Polly Bullone sat on the divan, her mouth pulled into a straight line of angry disapproval. She held her hands clasped so tightly in her lap that the knuckles showed white. Diana stood beside her mother, fists clenched at her sides. She quivered with fury. Her gaze remained fixed, glaring at Orne.
“So my stupidity set up this little conference,” Orne said. He stood about five paces from Polly, hands on hips. The Admiral pacing away at his right was beginning to wear his nerves. “But you’d all better hear me out.” He glanced at ComGo. “ All of you.”
Admiral Spencer stopped pacing, glowered at Orne. “I have yet to hear a good reason for not tearing this place apart and getting to the bottom of this situation.”
“You… you traitor, Lewis,” Polly husked.
“I’m inclined to agree with you, Madame,” Spencer said. “Only from a different viewpoint.” He glanced at Stetson. “Any word yet on Scottie Bullone?”
“They’ll call me the minute they find him,” Stetson said. He sounded cautious, brooding.
“You were invited to the party here tonight, weren’t you, Admiral?” Orne asked.
“What’s that have to do with anything?” Spencer demanded.
“Are you prepared to imprison your wife and daughters for conspiracy?” Orne asked.

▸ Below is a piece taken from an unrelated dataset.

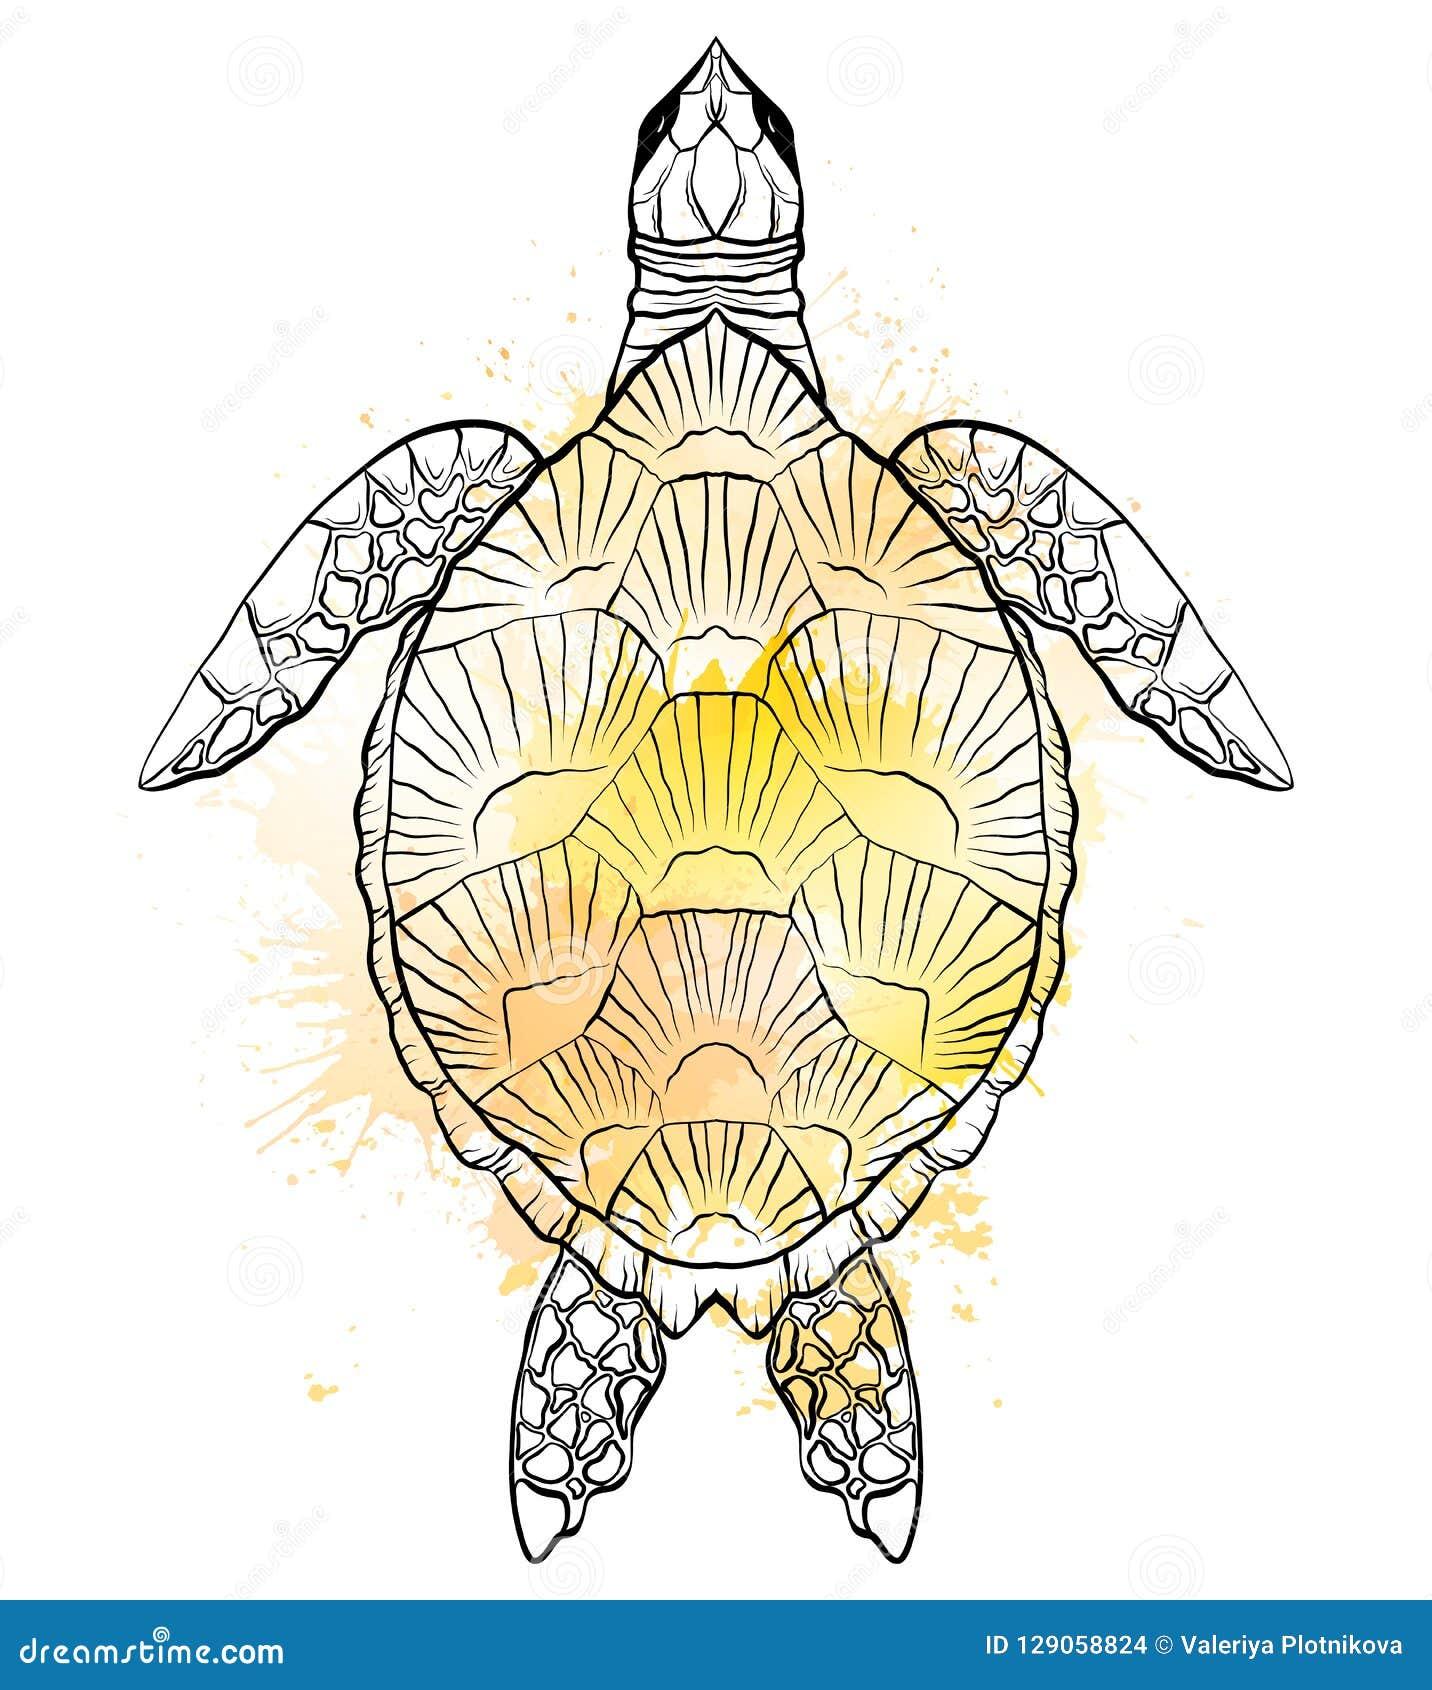 乌龟的等高黑白例证与黄色水彩的飞溅 对象是分别于背景

A tight smile played around Polly’s lips. Spencer opened his mouth, closed it without speaking.
“The Nathians are mostly women,” Orne said. “Your women-folk are among them.”
The Admiral looked like a man who’d been kicked in the stomach. “What… evidence?” he whispered.
“I have the evidence,” Orne said. “I’ll come to it in a moment.”
“Nonsense,” the Admiral blustered. “You can’t possibly carry out…”
“You’d better listen to him, Admiral,” Stetson said. “One thing you have to say about Orne, he’s worth listening to.”
“Then he’d better make sense!” Spencer growled.
“Here’s the way it goes,” Orne said. “The Nathians are mostly women. There were only a few accidental males and a few planned ones like me. That’s why there were no family names to trace—just a tight little female society, all working to positions of power through their men.”